Photo by Elinor Shelp-Peck

One might often find themself looking at the Meredith social media pages, wondering how they decide what to post and when. This year it has been especially vital to know, with the Black Lives Matter movement, COVID-19 response and the current political climate all influencing the content Meredith posts. The Meredith Herald had the opportunity to interview Melyssa Allen, Meredith’s News Director, to ask her about these decisions.

The Marketing Department includes the social media team, managed by Melyssa Allen. The team has six members, including herself, who are responsible for sharing Meredith news and information, admissions details, announcements about events and some fun content through their posts, videos and photos. Allen is usually the one who posts on their accounts, but oftentimes the social media team shares the responsibility for creating content that can be seen on Meredith social media pages. A couple of years ago they took on the responsibility for Meredith’s admissions social media presence as well, so a member of the admissions staff is also on their team.

As the News Director, Allen wanted to stress that she is posting on behalf of the college and not herself, stating that “we try to have a professional but approachable tone on our pages.” She also said that her job is quite varied. “In addition to managing social media, which includes planning, posting, and monitoring our Instagram, Facebook, Twitter and LinkedIn accounts, my job as News Director includes managing media relations and news writing,” she said. “Media relations means working with traditional news media to promote Meredith College initiatives and events. I also manage and write for the Headlines section of the Meredith website, serve as co-managing editor of Meredith Magazine and edit Meredith newsletters, including our employee newsletter. Whether on social media, our website or in our publications, my job is to communicate news about Meredith College with all audiences, including the general public. Our primary audiences are our students, faculty/staff, prospective students and alumnae.”

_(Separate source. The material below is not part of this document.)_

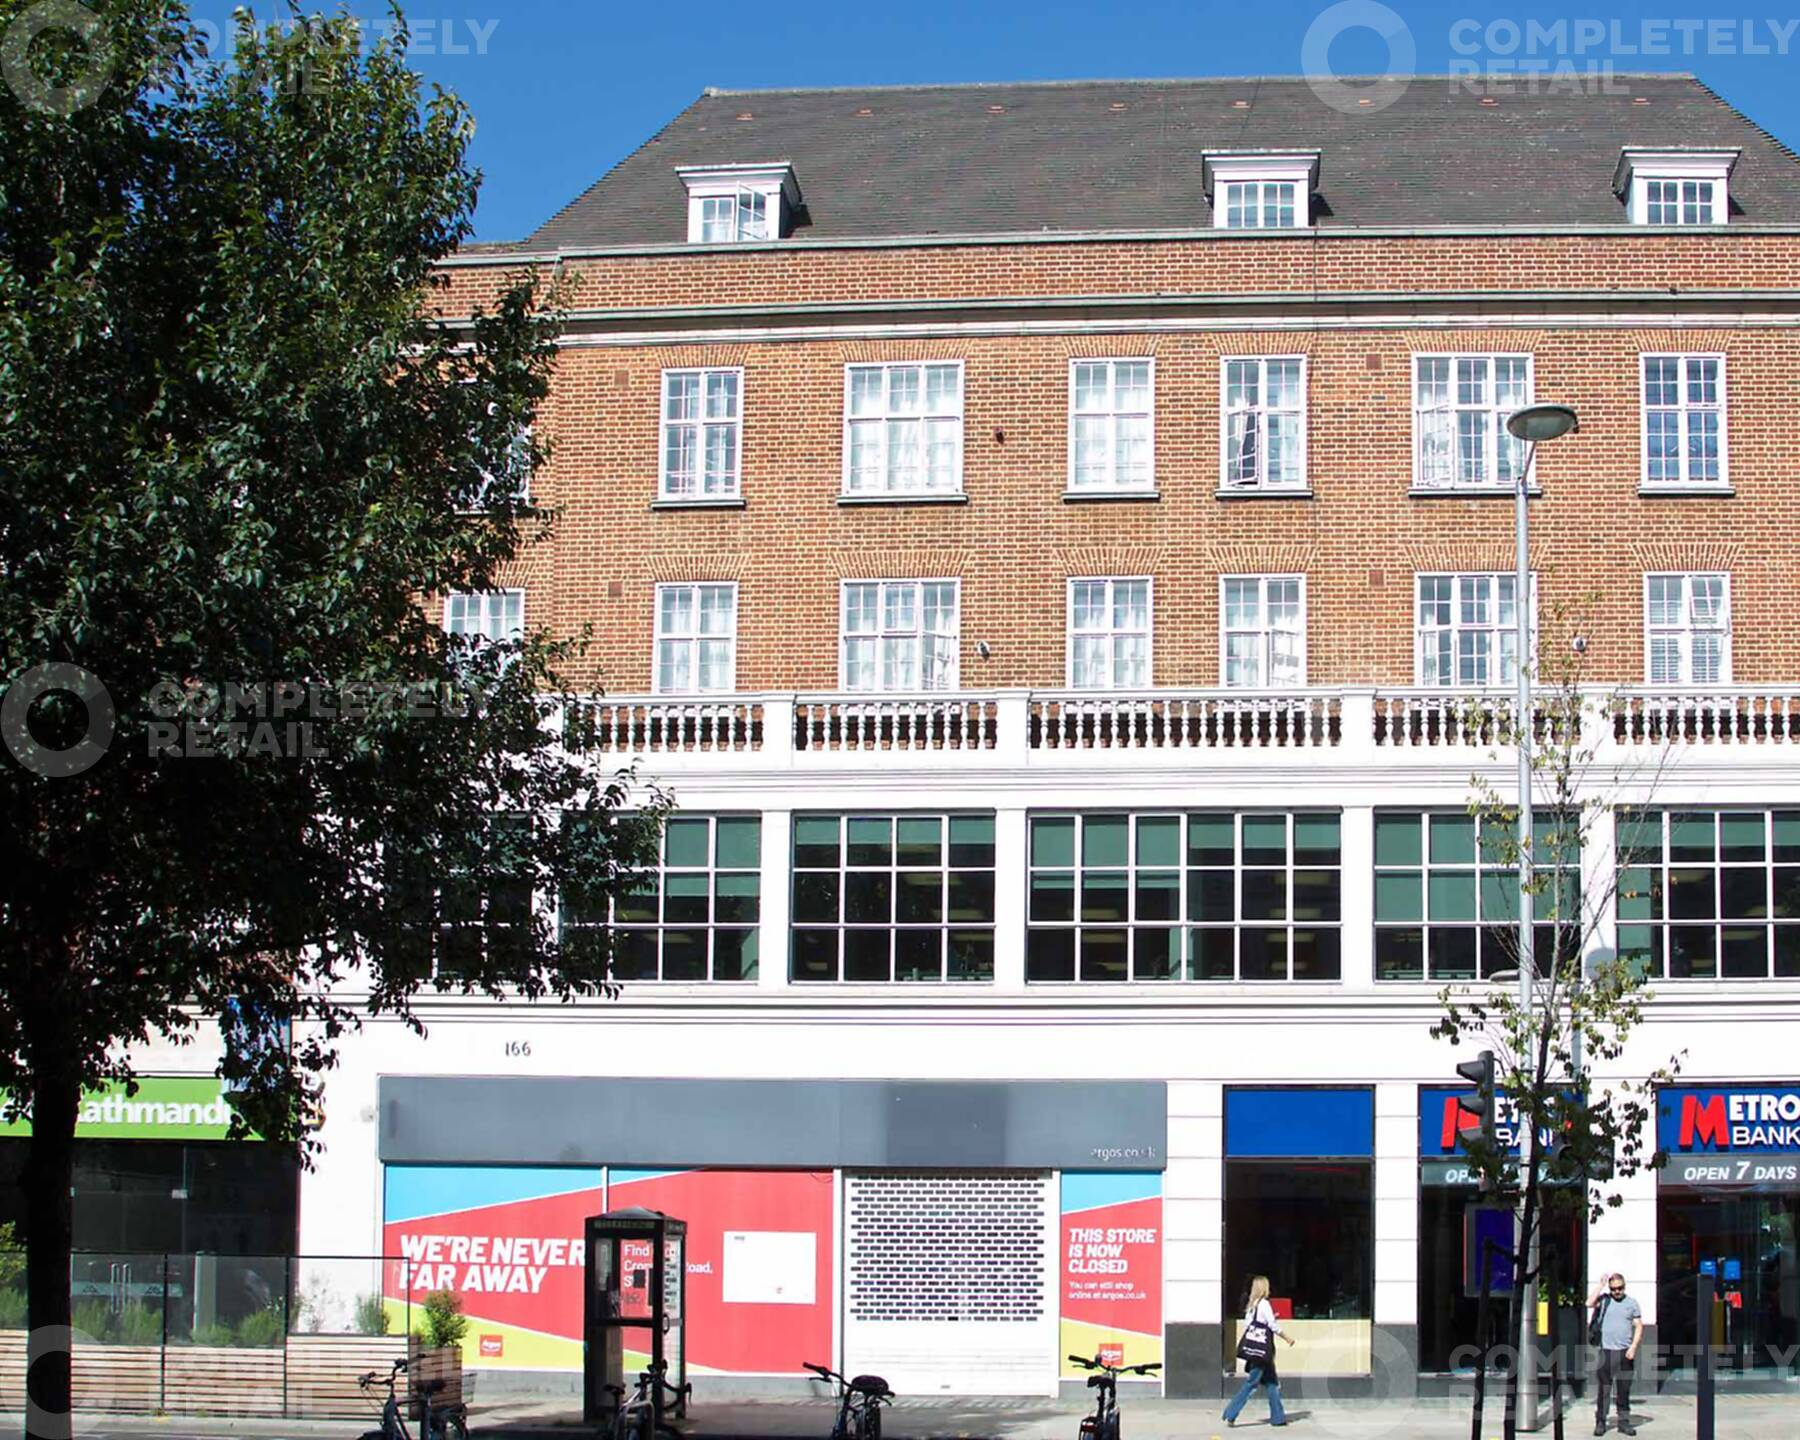 166 Kensington Street
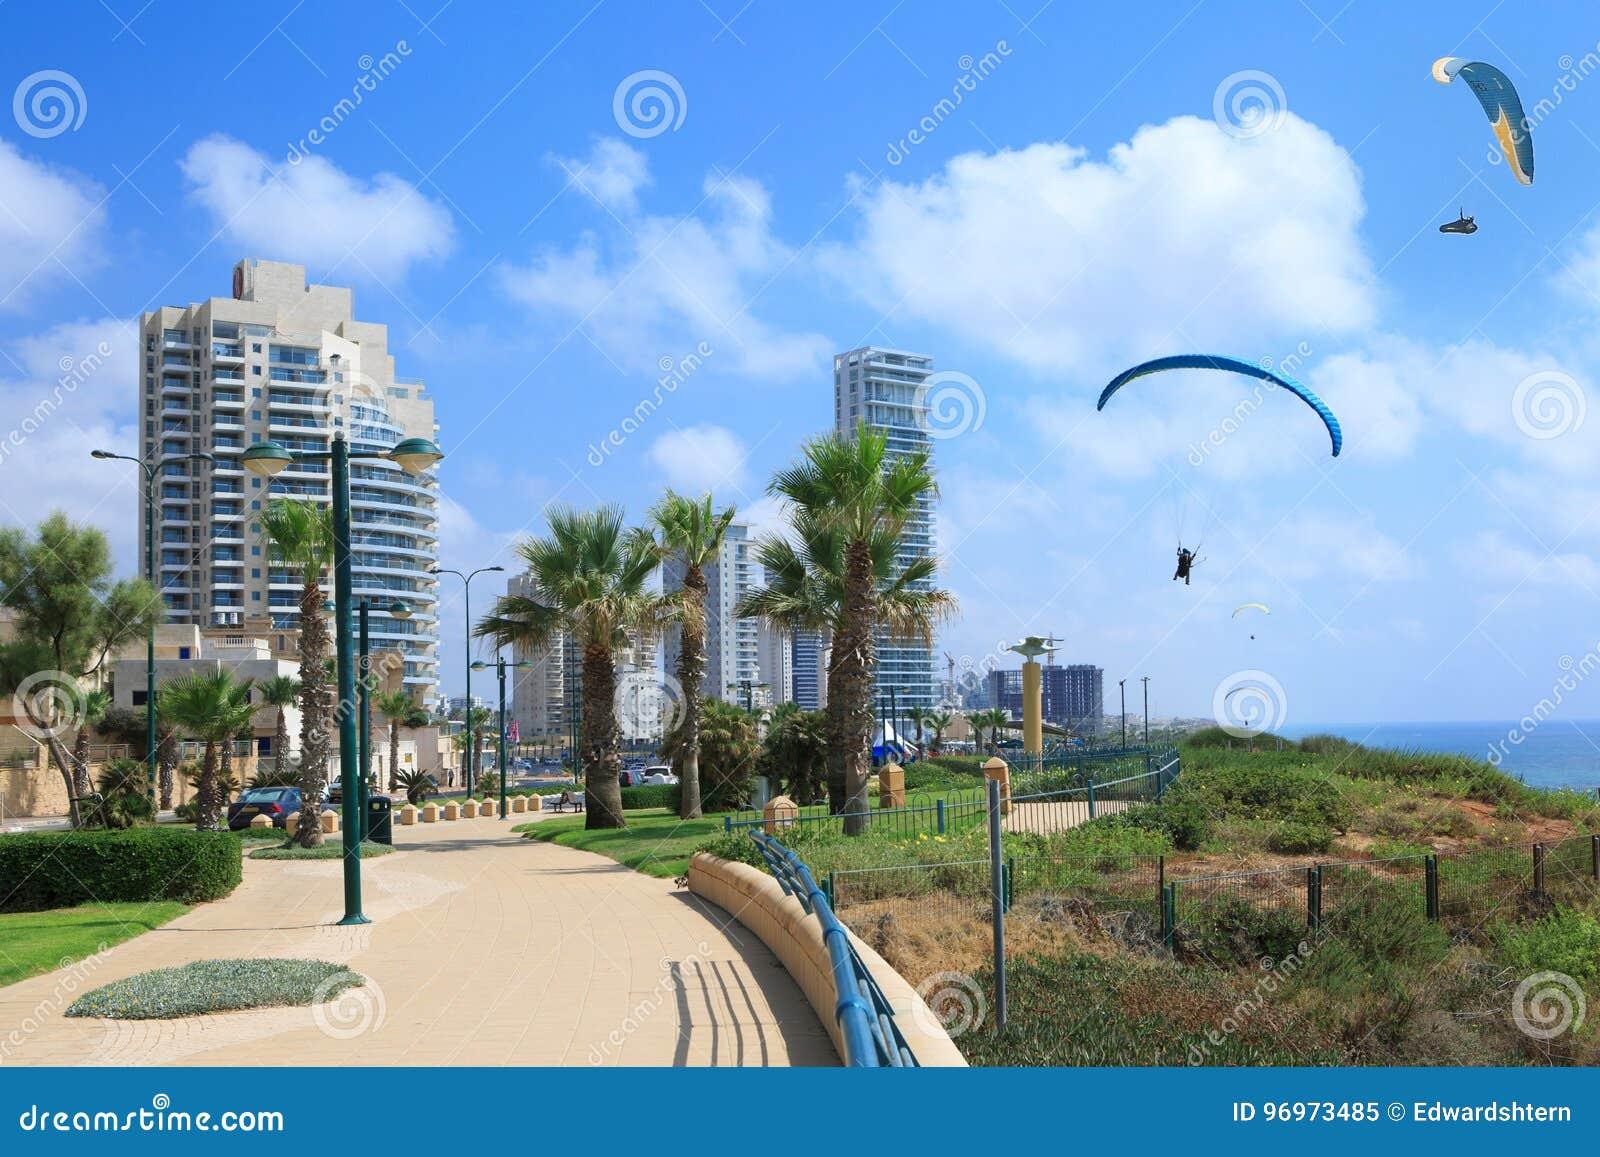 Netania海滩 看见在天空的滑翔伞

Crisis communication at Meredith is usually managed by Meredith’s MC Alert system, but they do use social media to supplement that information. Allen gave the example of a snow day: “In the case of closings because of snow or other weather conditions, those initial messages would go out from MC Alert and the same information would be repeated on our social media channels to make sure more of our audience received it.”

This year, the social media team has been working diligently to include Meredith’s college-wide initiative on anti-racism throughout all of their pages. They try to use their social media to make sure the community is aware of the work the college is doing.

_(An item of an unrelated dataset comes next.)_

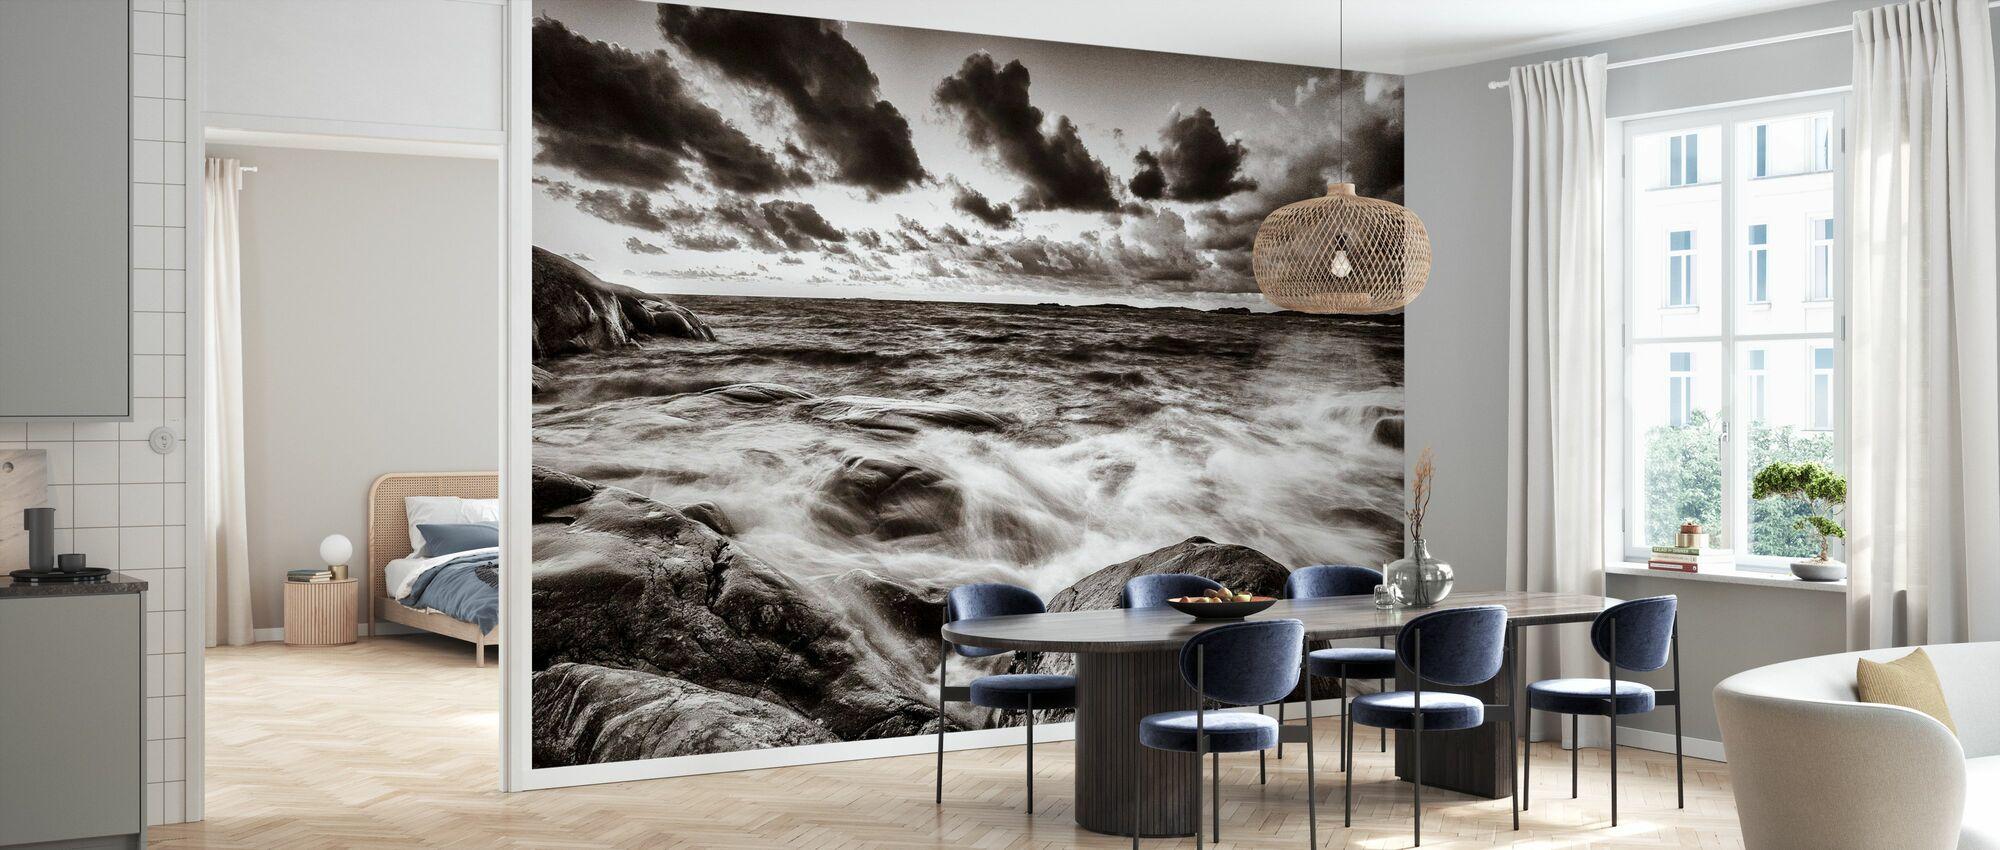 Stormy Sea at Rocks - Wallpaper - Kitchen

Much of the information posted on social media can also be found through email or the website. Allen states that “social media is a space that we’ve used to remind everyone of the ‘three Ws,’ including through a campaign we did featuring campus community members in face coverings and with a quote about why they wear their masks.”

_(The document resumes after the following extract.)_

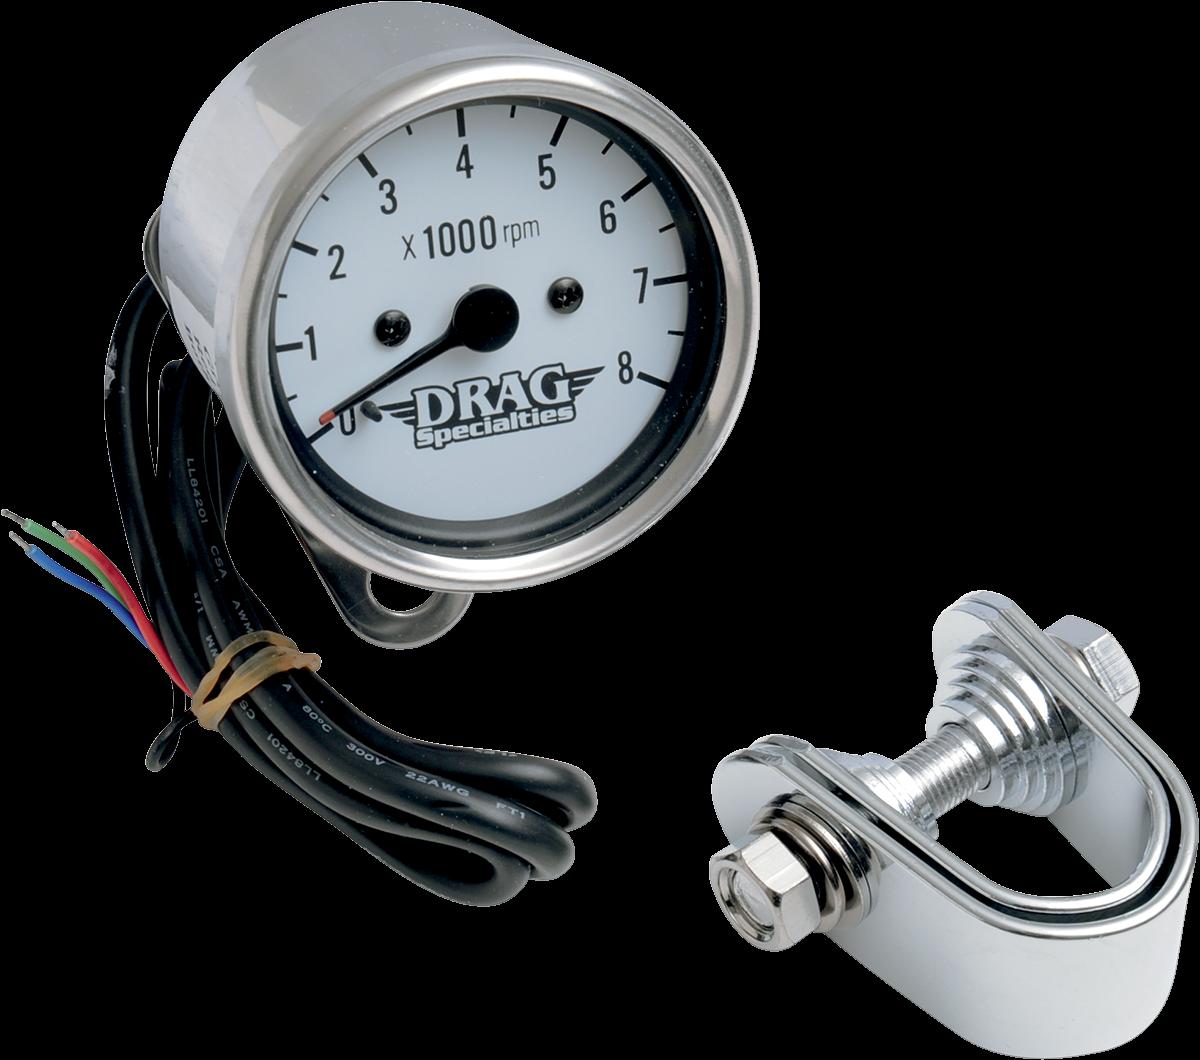 Faze Tach Wiring - Diagrams Catalogue Faze Tachometer Shift Light Wiring Diagram on

When asked what ethical issues they have faced as a marketing department, Allen said, “The most important ethical issue is making sure what is posted is true. This hasn’t been an issue at Meredith, but it is something that I consider as a social media professional.” Since she considers social media to be a part of marketing at Meredith, they always want to consider in what context they are sharing content. By posting photos of real Meredith students, they are showing what is possible when pursuing a degree at Meredith.